X. Envy is the ruling passion of mankind. The explanation is obvious. As we are of infinitely more importance in our own eyes than all the world beside, the chief bent and study of the mind is directed to impress others with this self-evident but disputed distinction, and to arm ourselves with the exclusive signatures and credentials of our superiority, and to hate and stifle all that stands in the way of, or obscures, our absurd pretensions. Each individual looks upon himself in the light of a dethroned monarch, and the rest of the world as his rebellious subjects and runaway slaves, who withhold the homage that is his natural due, and burst the chains of opinion he would impose upon them: the madman in Hogarth (sooth to say), with his crown of straw and wooden sceptre, is but a type and common-place emblem of every-day life.

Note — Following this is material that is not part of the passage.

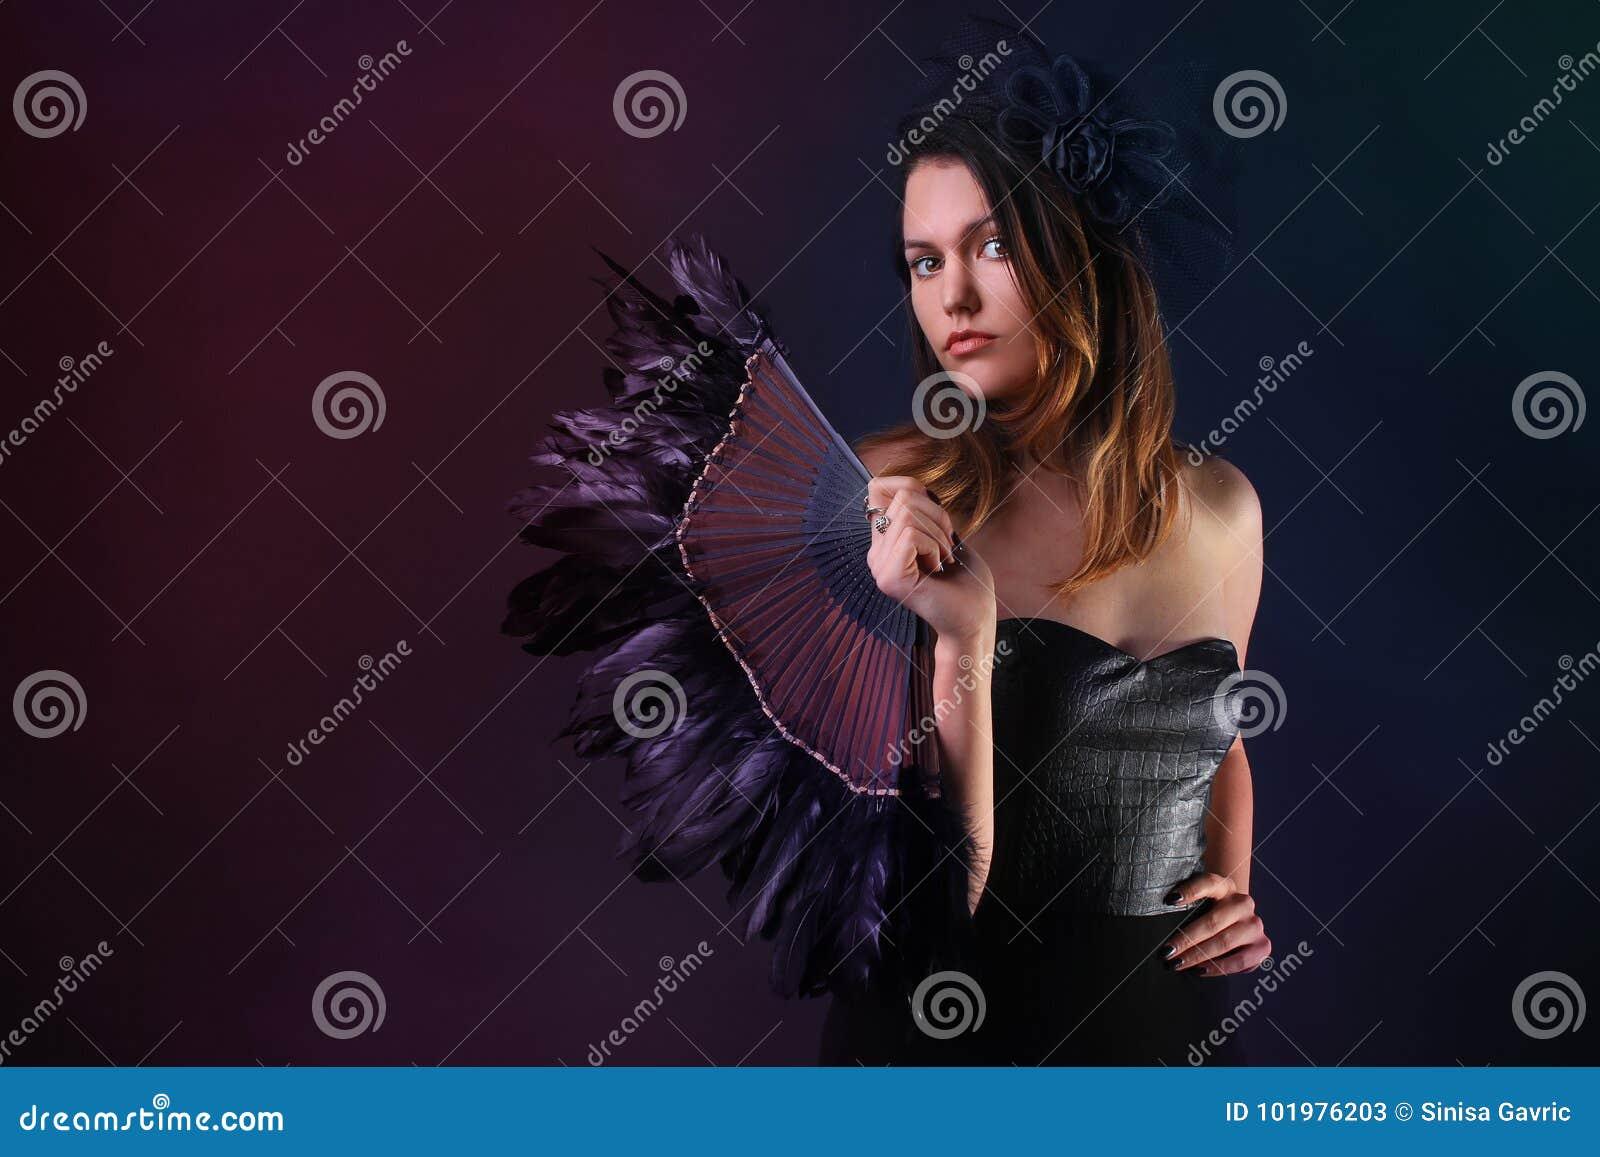 γυναίκα για τους μαύρους πανέμορφο λεσβιακό μουνί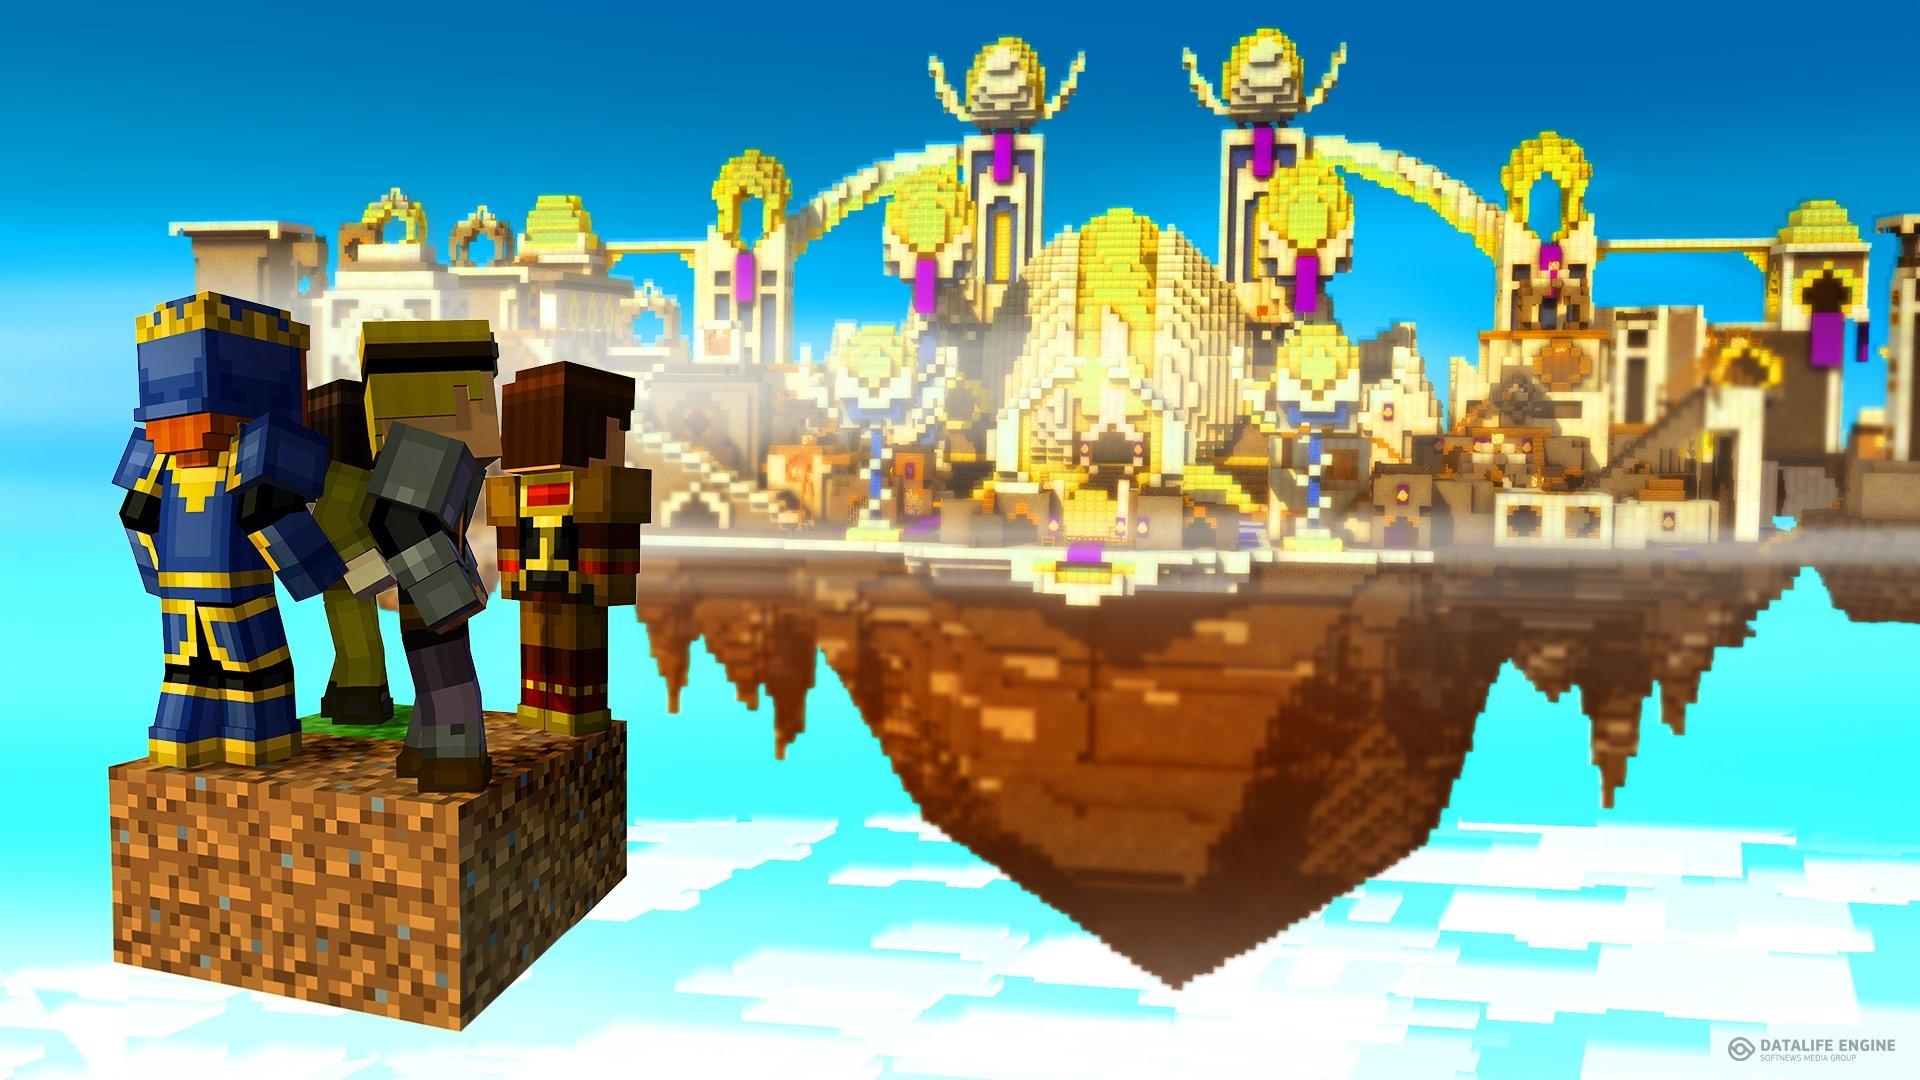 скачать игру minecraft:story mode #11

XI. It has been made a subject of regret that in forty or fifty years’ time (if we go on as we have done) no one will read Fielding. What a falling off! Already, if you thoughtlessly lend Joseph Andrews to a respectable family, you find it returned upon your hands as an improper book. To be sure, people read ‘Don Juan’; but that is in verse. The worst is, that this senseless fastidiousness is more owing to an affectation of gentility than to a disgust at vice. It is not the scenes that are described at an alehouse, but the alehouse at which they take place that gives the mortal stab to taste and refinement. One comfort is, that the manners and characters which are objected to as low in Fielding have in a great measure disappeared or taken another shape; and this at least is one good effect of all excellent satire—that it destroys ‘the very food whereon it lives.’ The generality of readers, who only seek for the representation of existing models, must therefore, after a time, seek in vain for this obvious verisimilitude in the most powerful and popular works of the kind; and will be either disgusted or at a loss to understand the application. People of sense and imagination, who look beyond the surface or the passing folly of the day, will always read Tom Jones.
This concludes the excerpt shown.